ClemencyBM, ThompsonJJ, LindstromHA, GurienS, JaisonBA, Grates-SciarrinoAA. Frequency of Manuscript Publication Following Presentation of EMS Abstracts at National Meetings. Prehosp Disaster Med. 2014;29(3):1-5.
High-dose intravenous nitroglycerin is a common in-hospital treatment for respiratory distress due to congestive heart failure (CHF) with hypertension. Intravenous (IV) nitroglycerin administration is impractical in the prehospital setting. In 2011, a new regional Emergency Medical Services (EMS) protocol was introduced allowing advanced providers to treat CHF with high-dose oral nitroglycerin. The protocol calls for patients to be treated with two sublingual tabs (0.8 mg) when systolic blood pressure (SBP) was >160 mm Hg, or three sublingual tabs (1.2 mg) when SBP was >200 mm Hg, every five minutes as needed.
Hypothesis/Problem
To assess the protocol's safety, the incidence of hypotension following prehospital administration of multiple simultaneous nitroglycerin (MSN) tabs by EMS providers was studied.
Methods
This study was a retrospective cohort study of patients from a single commercial EMS agency over a 6-month period.
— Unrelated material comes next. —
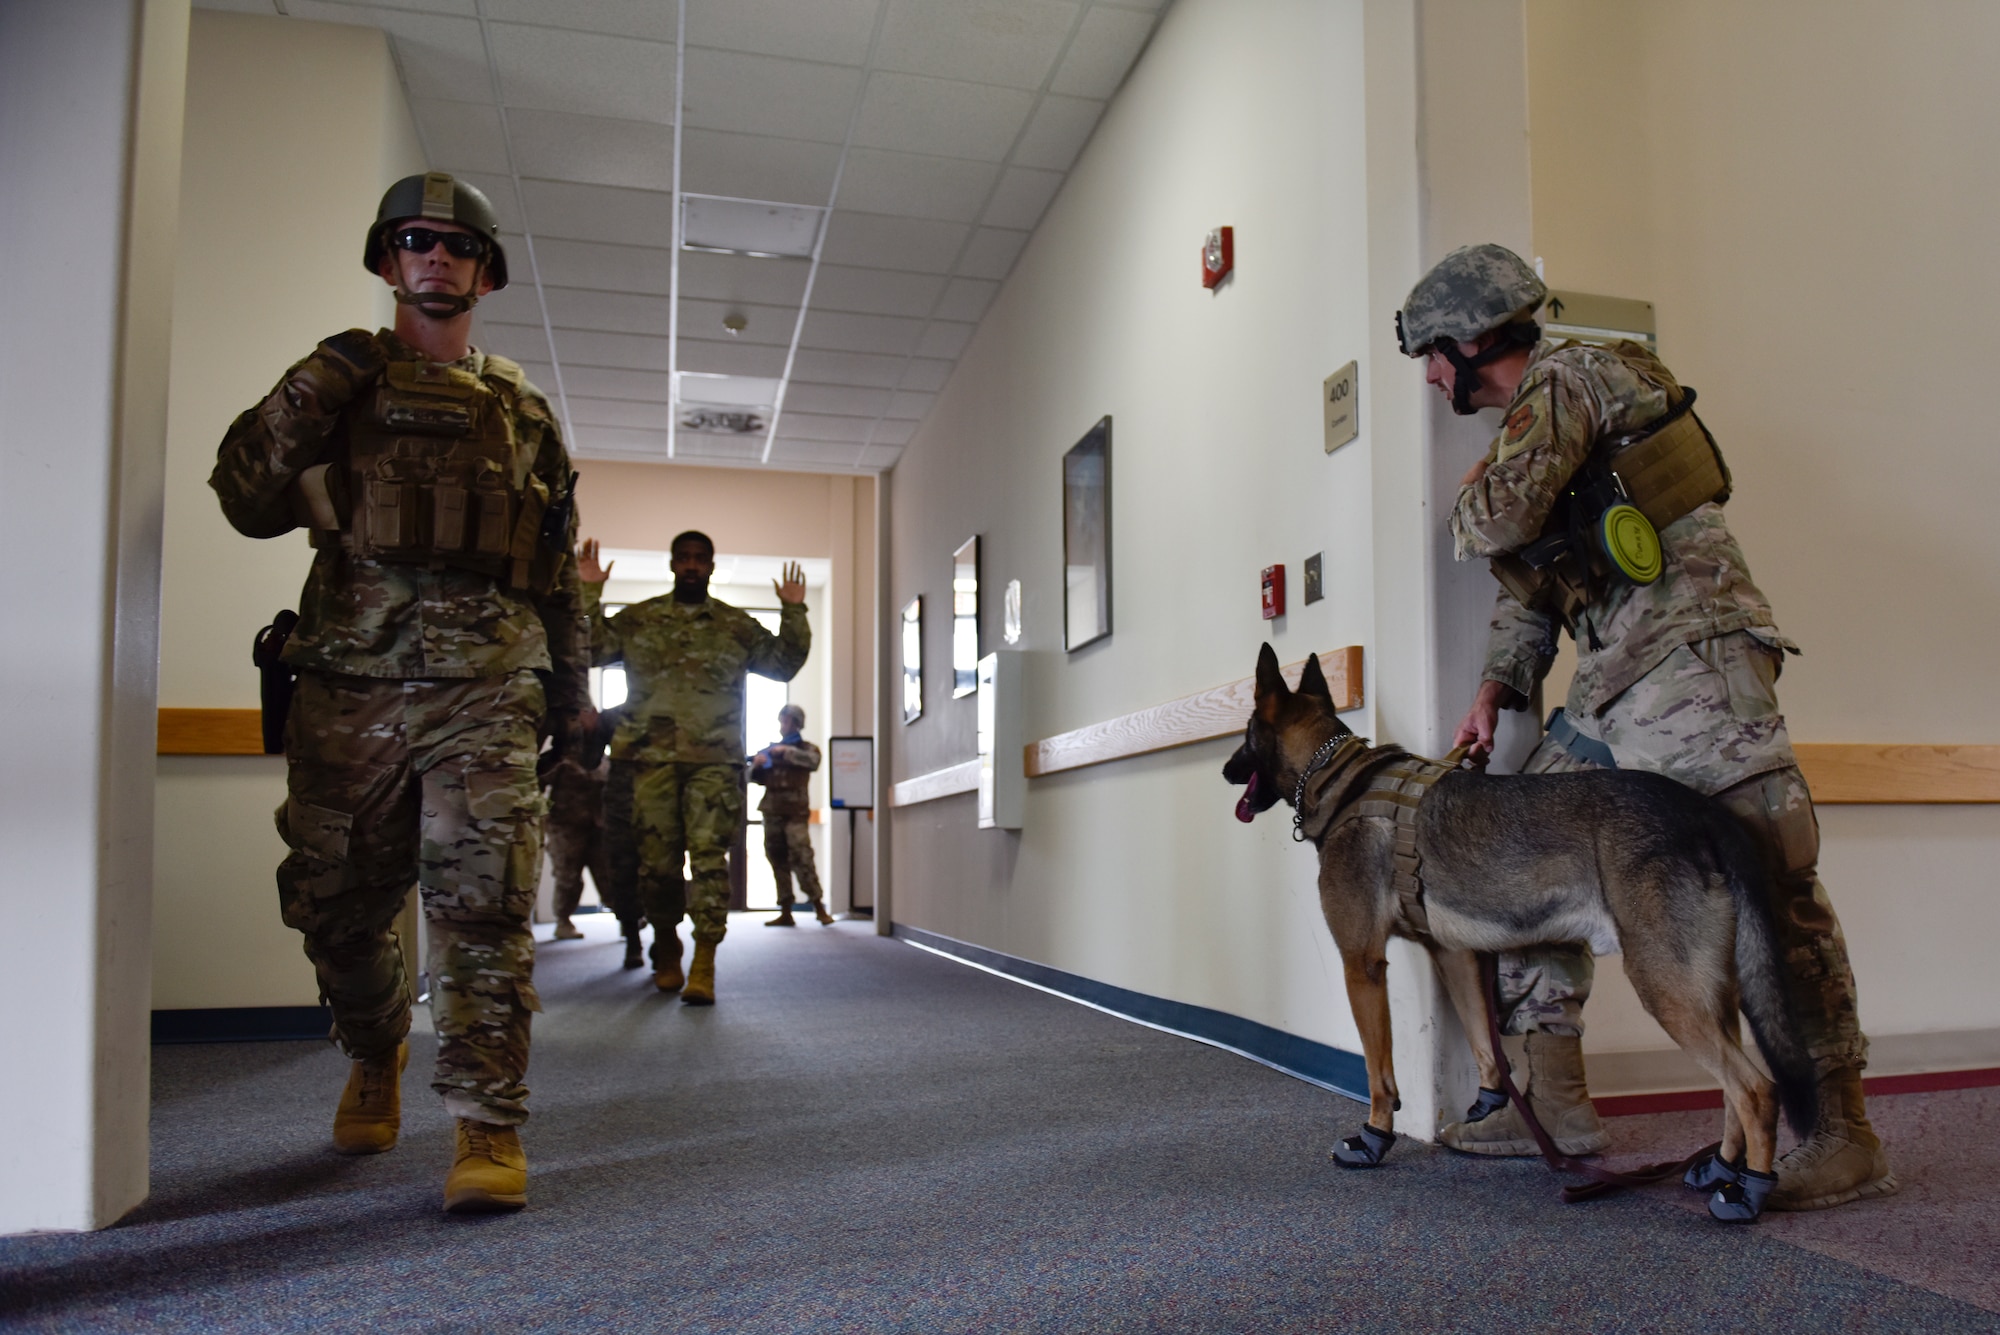 Members of the 47th Security Forces Squadron clear the area during a training exercise at Laughlin Air Force Base, Texas, July 22, 2019. Shortly after apprehending the simulated suspect, the defenders carried on to clear the rest of the building to ensure there was no longer a threat. Exercises like this one are aimed at bolstering crisis readiness and response capabilities. (U.S. Air Force photo by Staff Sgt. Benjamin N. Valmoja)

Records from patients with at least one administration of MSN were reviewed. For each administration, the first documented vital signs pre- and post-administration were compared. Administrations were excluded if pre- or post-administration vital signs were missing.
Results
One hundred case-patients had at least one MSN administration by an advanced provider during the study period. Twenty-five case-patients were excluded due to incomplete vital signs. Seventy-five case-patients with 95 individual MSN administrations were included for analysis. There were 65 administrations of two tabs, 29 administrations of three tabs, and one administration of four tabs. The mean change in SBP following MSN was -14.7 mm Hg (SD = 30.7; range, +59 to -132). Three administrations had documented systolic hypotension in the post-administration vital signs (97/71, 78/50 and 66/47). All three patients were over 65 years old, were administered two tabs, had documented improved respiratory status, and had repeat SBP of at least 100. The incidence of hypotension following MSN administration was 3.2%.
Discussion
High-dose oral nitroglycerin administration is a practical alternative to IV nitroglycerin in the prehospital setting when administered by advanced providers. The prehospital protocol for high dose oral nitroglycerin was demonstrated to be safe in the cohort of patients studied. Limitations of the study include the relatively small sample size and the inability to identify hypotension that may have occurred following the cessation of data collection in the field.
Conclusion
Hypotension was rare and self-limited in prehospital patients receiving MSN.